The Fixer Upper (21 page)

Read The Fixer Upper Online

Authors: Judith Arnold

A cloud of misery descended upon her. She hadn’t meant to pick a fight with Vivienne. Instead of sharing her giddy excitement with her ex-sister-in-law, she’d alienated her. If Vivienne wanted to smile at hairy Harvey, let her. Her idiot husband was off singing the Brandeis equivalent of “Boola Boola” with his buddies. Vivienne deserved to have a little fun, too.

Still, even after Libby apologized to Vivienne, forced down a slice of desiccated cheese to prove there were no hard feelings, and then left, telling Vivienne she had a lot to do that afternoon, she felt unsettled. The sky was a gentle
blue, the sun tunneling light down to the sidewalk between the towering apartment buildings as she strolled toward West End Avenue. Reva would be in a good mood when Libby arrived home, because she’d allowed her to invite Kim over. And tonight Libby would see Ned. She ought to be dancing home, bursting into song in the middle of the sidewalk the way Reva had the day she’d gotten her solo. But Libby felt uneasy.

Nerves, she thought.

When she arrived home, Reva and Kim greeted her at the door. They must have heard her key in the lock, because they were standing in the entry, gazing at her so hopefully her panic increased. “What did you break?” she asked as she tossed the mail—mostly bills—onto the table and removed her coat.

“Nothing,” they said simultaneously.

“We were just wondering…” Kim began.

“Please!” Reva added.

All right. They hadn’t broken anything. Libby could scratch that worry off her list.

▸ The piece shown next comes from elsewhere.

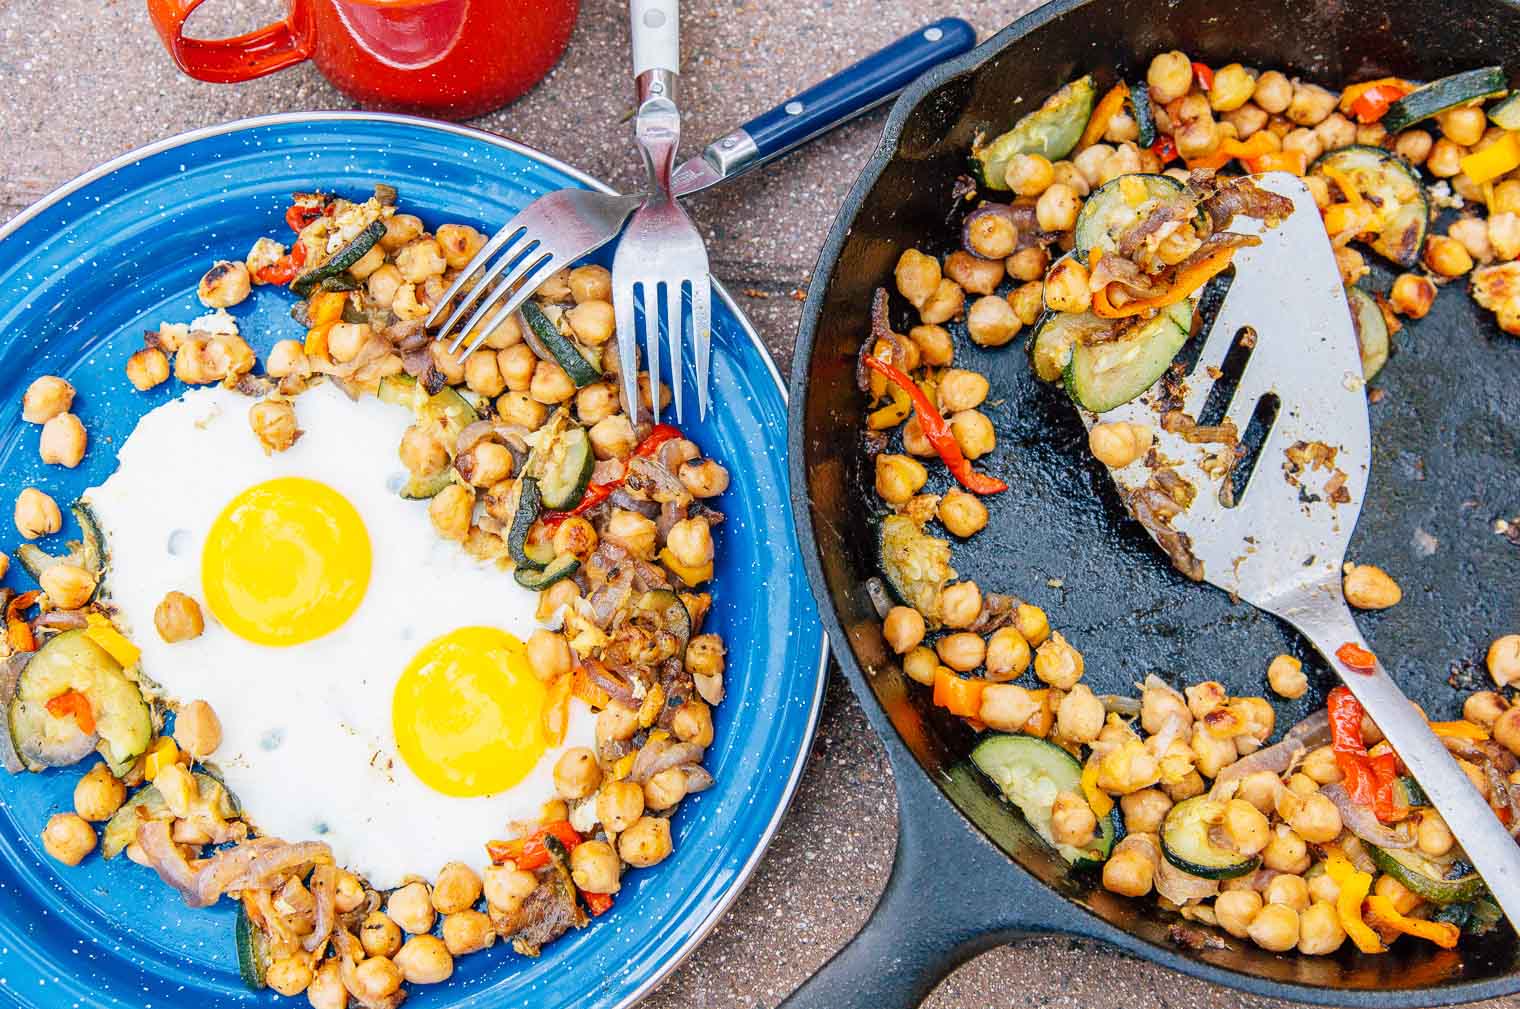 Breakfast hash on a blue enamelware camping plate next to a cast iron skillet

“The thing is,” Reva said in a singsong voice, “Kim’s got a piano at her house.”

“And my mother said it was okay with her.”

“What’s okay?” Libby asked.

“Me sleeping over at Kim’s house,” Reva said.

Libby took a deep breath. The air carried a trace of chemical smell. It didn’t smell like an aphrodisiac when Ned wasn’t around. It smelled like turpentine.

Trying not to think about the smell, she analyzed Reva’s situation. The girl was supposed to be grounded. She
had
been grounded for a week. Kim was her best friend, and she had a piano. “A piano?”

“So we can practice
Tommy
,” Kim explained. “Reva needs the practice.”

Reva needed the practice the way Harry needed an ego.

“And my mother said it was okay with her. We already checked,” Kim continued, beaming her sweet, innocent smile. Libby had always considered Kim a good influence on Reva, smart and kind and obedient. But the girl was cunning, she acknowledged. Her innocent smile hinted at a fair amount of finagling.

“Let me call your mother,” Libby said. The instant the words were out of her mouth, she realized they contained her decision. If Reva were truly grounded, Libby wouldn’t be phoning Kim’s mother. She’d be saying no.

Her brain was kaput. The overloaded wiring had short-circuited. A morning with Vivienne and God was enough to erase Libby’s memory of punishments meted out.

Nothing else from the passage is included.